Professor of Logistics and Supply Chain Management at Arizona State University
"Takata oversees the airbags and makes them for new vehicles. At the same time, those parts are available to the aftermarket, including dealerships," Giangrande said
When an automotive recall occurs, it puts a burden not just on dealerships, but also on aftermarket companies like NAPA, Advance Auto Parts and Pep Boys.
"They have to identify those customers — people who do their own repairs on orders cars — who bought those parts and absorb the costs," he added. "The responsibility goes to whoever the part is coming from or where it was bought."
Expect the unexpected
The burden and cost of unexpected disruption to the supply chain does not necessarily happen only to the "big guys," Gary Barraco, director of global product marketing at Amber Road, told Supply Chain Dive, citing a company that screen prints T-shirts and sweatshirts.
"They got a call from the Consumer Product Safety Commission (CPSC)," he said. "[The agency] went into a store and, using a gun that can detect lead in spray paint, zapped the shirts and a number registered as 'hot.' They were pulled off the shelves. The manufacturer went back to his factory in China. They told him they were almost done with the run but ran out of paint for the last couple hundred. It was last minute, at deadline. They ran to a friend's plant for backup paint and finished up the run."
"Everything that happens upstream goes downstream. Polluted water upstream is going to spoil what it reaches downstream."
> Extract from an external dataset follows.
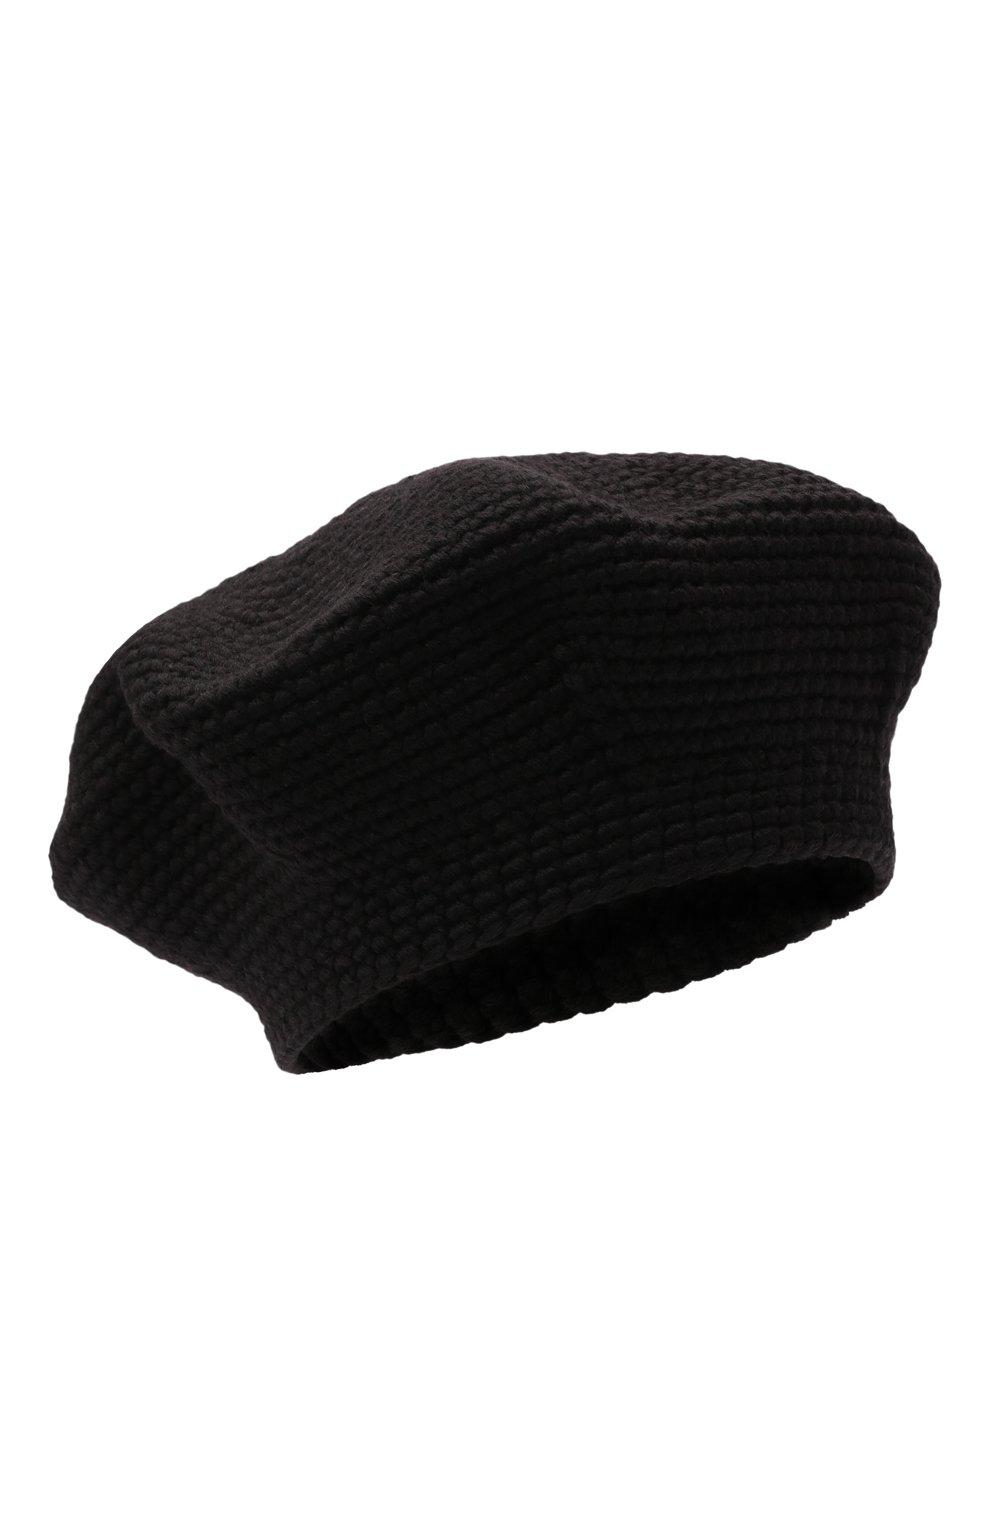 Женский берет LOW CLASSIC черного цвета, арт. L0W21FW_HA02BK | Фото 1 (Материал: Текстиль, Шерсть, Синтетический материал)

Director of Global Product Marketing, Amber Road
Those were the shirts that came up "hot" during the CPSC inspection. The entire inventory was pulled, not just those that were discovered in that store. The onus was on the manufacturer to prove to CPSC that it was only a small batch, which it eventually did, but not without cost and aggravation.
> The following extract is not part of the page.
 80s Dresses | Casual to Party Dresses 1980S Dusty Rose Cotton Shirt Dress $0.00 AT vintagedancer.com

"Traceability is near and dear to my heart," Barraco said. "Everything that happens upstream goes downstream. Polluted water upstream is going to spoil what it reaches downstream."
As with so many supply chain issues, technology can help, said Arizona State's Rogers. When it comes to pharma or food, it's especially important.
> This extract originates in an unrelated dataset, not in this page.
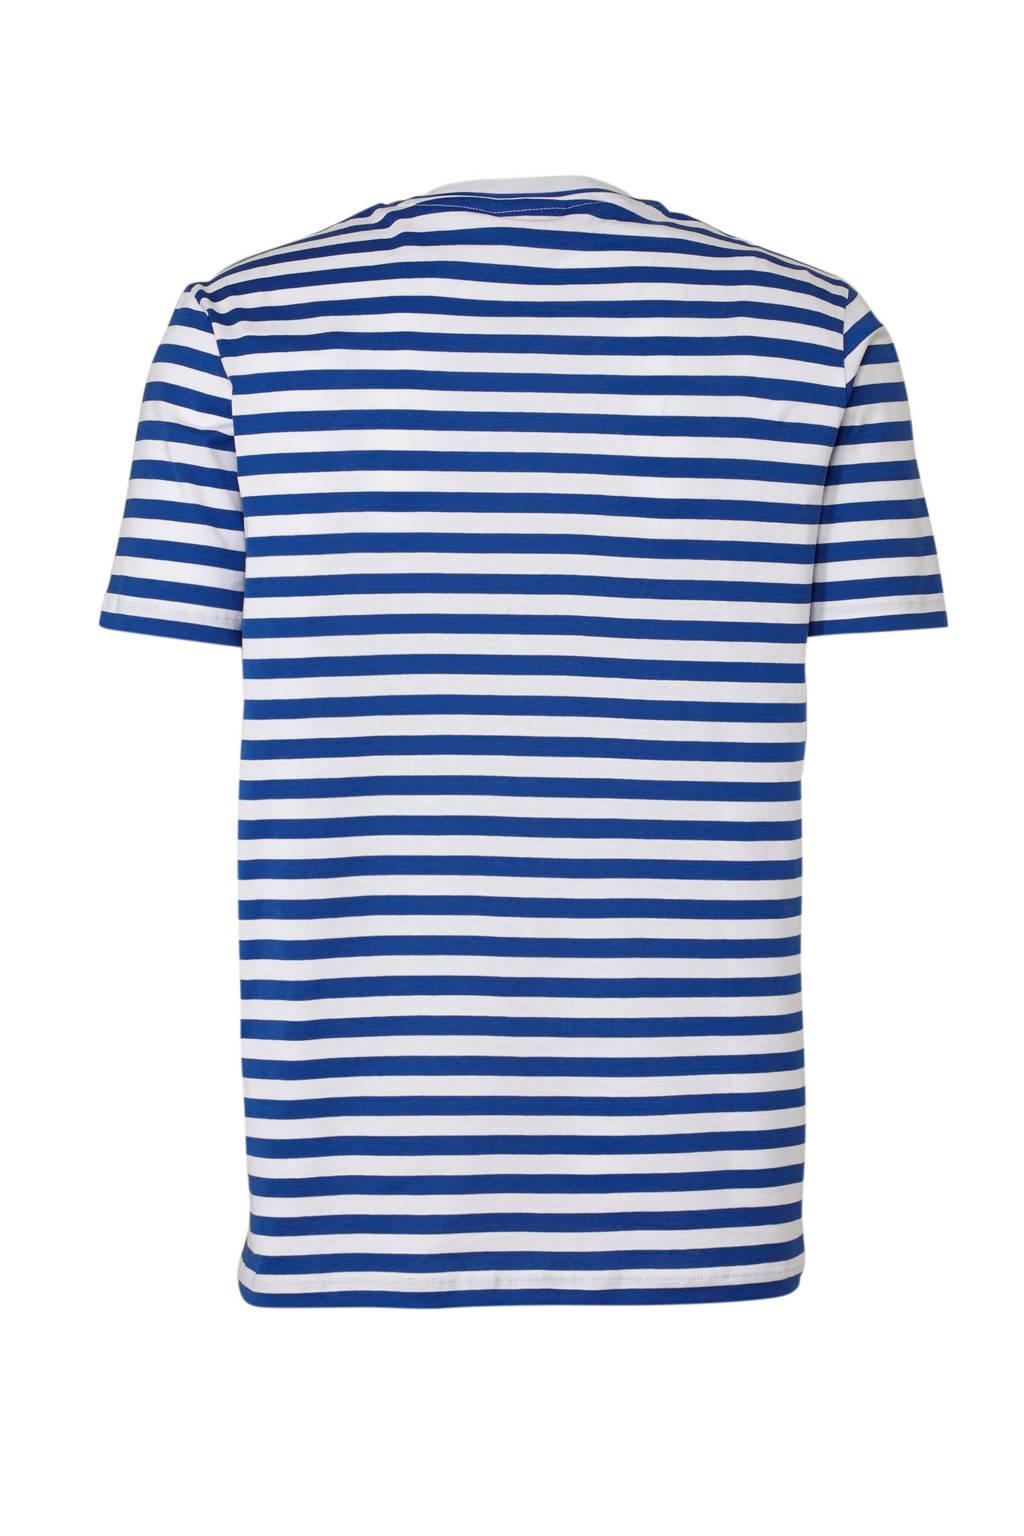 HUGO gestreept T-shirt blauw, Blauw/wit

"Internet of Things sensors can see where the product is and if it's outside of the required temperature range. I think in the next few years we'll see product damage on transportation reduced through better sensing. Intel, for example, has really developed a lot of technology around sensors tracking items through the supply chain," Rogers said.
Have a plan, and execute
If you're the supply chain manager, are you part of the prevention or part of the cure, Giangrande said. "If it's prevention, vet your suppliers and make sure they're ISO [International Organization for Standardization] certified, do quality assurance and enforce safety standards. If you're part of the cure, share responsibility, have recall insurance for your organization, be able to track the products."
Documentation, of course, is vital, Amber Road's Barraco noted. "You need the purchase order and supplier information, serial codes and lot numbers in one consolidated platform. Who can drill down to where it happened? It's imperative for manufacturers to test all components, then document everything related to the product."
"You really have to keep a finger on the pulse," he added.